How rare is it? The combinatorics
Poker ranks hands by rarity, and quads is rare because it uses up an entire rank. To count every four-of-a-kind hand:
- Pick the rank for the four cards: 13 ways (aces through kings).
- The four cards of that rank are fixed — there’s only one way to take all four.
- Pick the fifth card (the kicker) from the remaining 48 cards.
That gives 13 × 48 = 624 four-of-a-kind hands. Out of the 2,598,960 possible five-card hands, that’s about 1 in 4,165, or roughly 0.024 percent. Only straight flushes (40 in total) are rarer among the standard categories.
| Hand | Combinations | Odds |
|---|---|---|
| Straight flush (incl. royal) | 40 | 1 in 64,974 |
| Four of a kind | 624 | 1 in 4,165 |
| Full house | 3,744 | 1 in 694 |
The kicker matters (sometimes)
Four of a kind is completed by four cards, leaving one slot for a fifth card — the kicker. In most one-on-one deals the kicker never comes up, because two players almost never hold the same quads. But in shared-card games like Hold’em, the board can give everyone the same four of a kind, and then the kicker decides.
A worked hand
The board reads 9♥ 9♦ 9♠ K♣ 4♥ in Texas Hold’em.
- Player A holds
9♣ 2♦→ best five:9♥ 9♦ 9♠ 9♣ K♣= quad nines with a king kicker. - Player B holds
K♦ K♠→ best five:K♦ K♠ K♣ 9♥ 9♦= kings full of nines, a full house.
Player A’s quads crush Player B’s full house. This is the classic “boat over” cooler flipped — the full house looks huge until the fourth nine lands. Four of a kind beats a full house every time. Player A wins.
What quads beats and loses to
- Beats: full house, flush, straight, three of a kind, two pair, one pair, and high card — everything below it.
- Loses to: straight flush and royal flush only.
That makes quads a near-lock. In a typical no-wild-card game you can play it fast and hard; the only hands that top it appear so rarely that folding quads is almost never correct. The exception is a board that clearly threatens a straight flush — a rare spot, but worth a glance before you commit your whole stack.
Quick summary
- Four of a kind = quads: all four cards of one rank plus a kicker.

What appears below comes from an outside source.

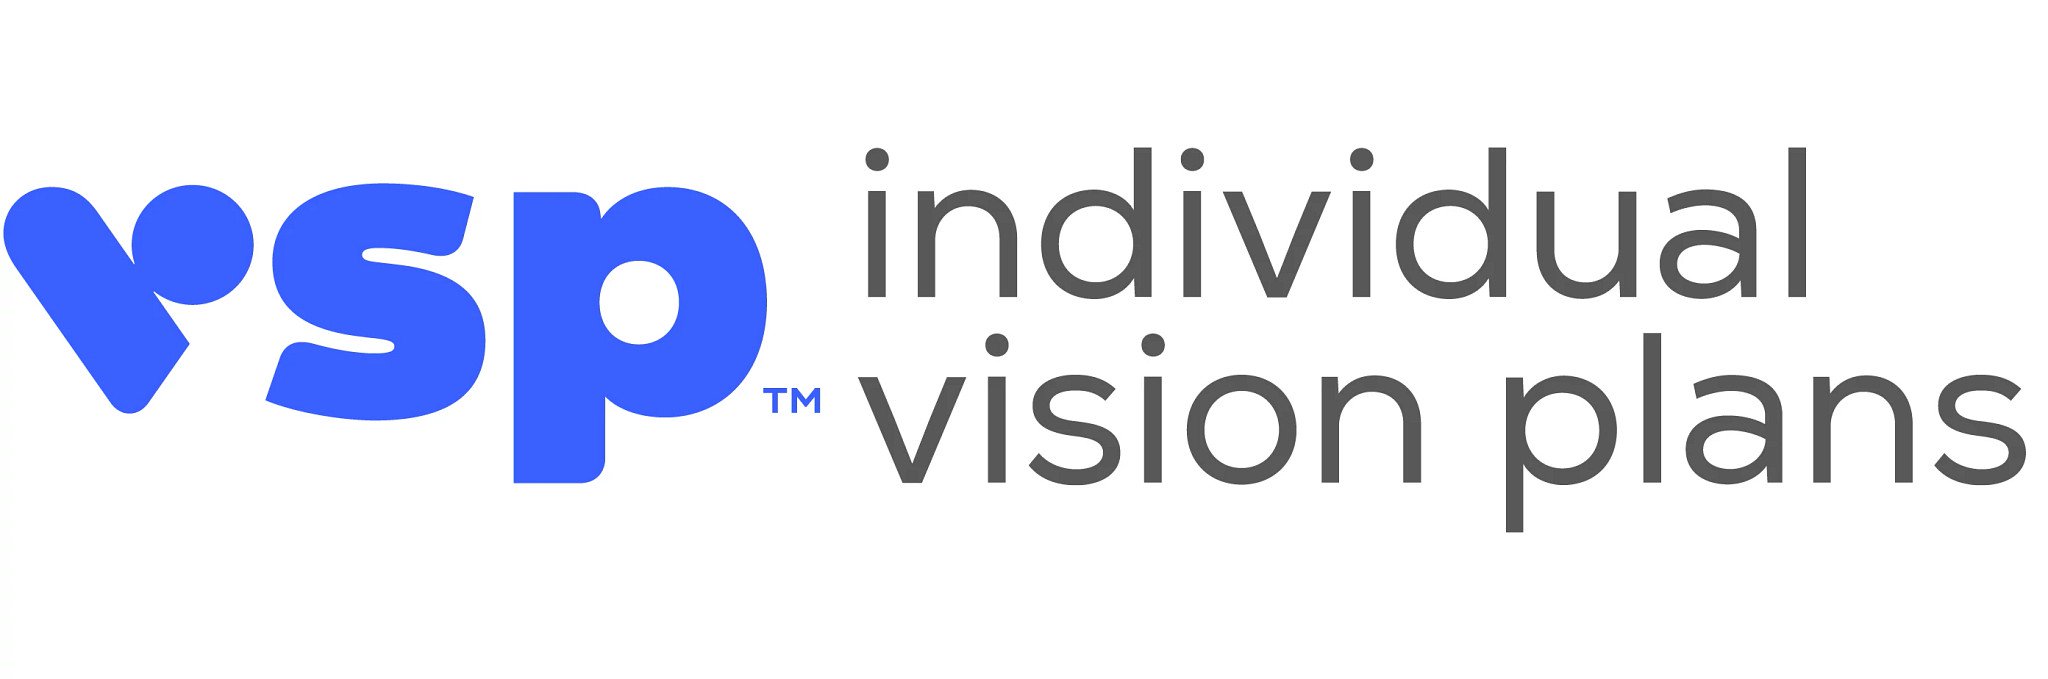 VSP individual Vision Plans

- Ranks second — only straight flushes and royal flushes beat it.
- 624 combinations, about 1 in 4,165 hands — one of the rarest categories.
- The kicker only matters when the board makes the same quads for everyone.
- Nickname: quads (quad aces, quad kings, and so on).
Bottom line
Four of a kind is one of poker’s monster hands — four of one rank, a kicker on the side, and a place near the very top of the rankings. It beats everything except the two straight-flush hands, and at 1 in 4,165 you’ll savor it when it comes. See exactly what can top it in what beats four of a kind, study the full order at the hand rankings hub, and take it to the Texas Hold’em tables.
Frequently asked
What is four of a kind in poker?
Four of a kind — nicknamed quads — is a hand made of all four cards of one rank plus one other card, called the kicker. For example, four kings with an ace.
What is four of a kind called?
Quads. Four aces are often called quad aces. The full name is four of a kind, but you'll almost always hear players say quads at the table.
What beats four of a kind?
Only a straight flush and a royal flush beat four of a kind. Everything else — full house, flush, straight and below — loses to it.
How rare is four of a kind?
Very. There are just 624 four-of-a-kind hands out of 2,598,960 five-card hands, about 1 in 4,165 — roughly 0.024 percent.